Why Do We Associate Turkey With Thanksgiving?
When we think of the modern American Thanksgiving, we often think of football and pre-Christmas consumerism. But nothing defines the holiday’s tradition like family gatherings around stuffed turkey.
Side dishes vary from region to region, but this stuffed fowl unites us Americans on the fourth Thursday of November like nothing else. During Thanksgiving 2017, Americans ate a whopping 45 million turkeys.
But what ties this meat so strongly to Thanksgiving, and has it always been associated with the holiday as if it owns it? People eat turkey at Christmas, but the turkey doesn’t enjoy the exclusive claim to that holiday.
Many point to the Pilgrims’ first Thanksgiving in 1621 as the origin of the holiday. But this is only slightly better than crediting Abner Doubleday with the invention of baseball.

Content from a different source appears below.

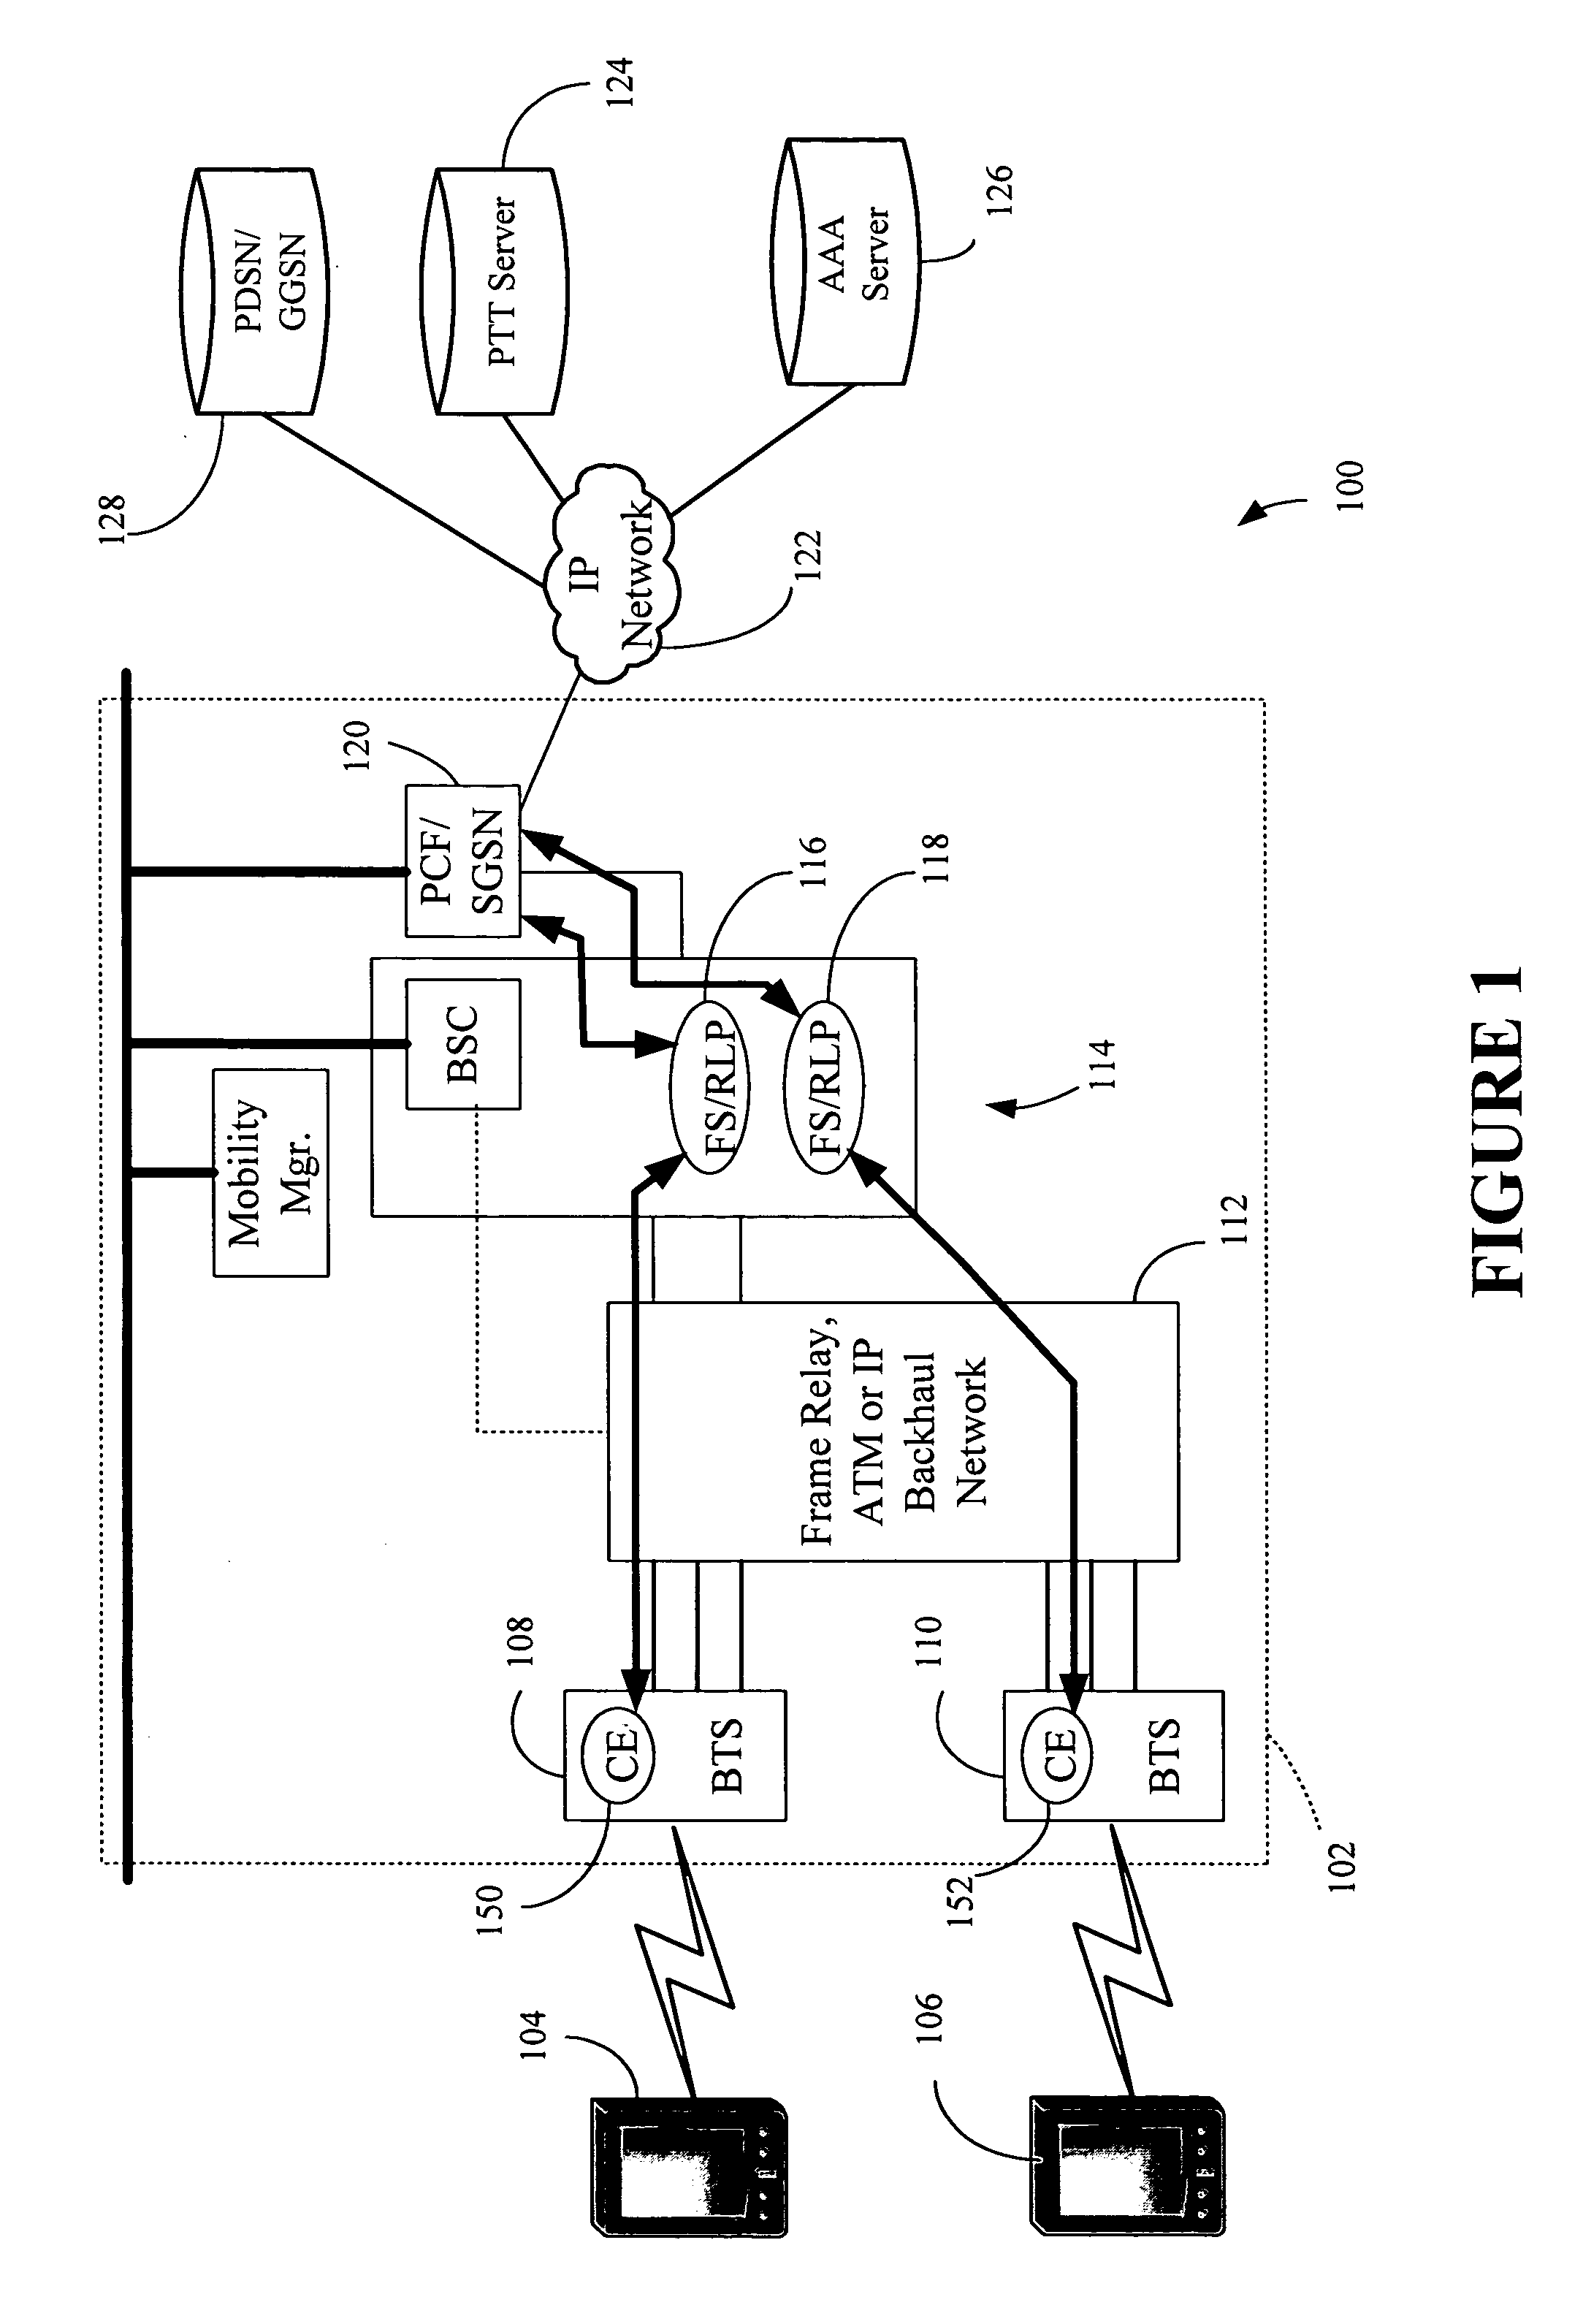 Method and apparatus for reducing transport delay in a push-to-talk system

When the Pilgrims settled New England, the people of the British Isles celebrated Harvest Home in late September — a harvest festival accompanied by a feast, dancing, and decorations. It was this celebration that the Pilgrims would have celebrated in the fall of 1621, and to which they introduced the Wampanoags.
But the Pilgrims and their native friends may or may not have eaten turkey at this “first Thanksgiving.” Edward Winslow records that Governor William Bradford sent…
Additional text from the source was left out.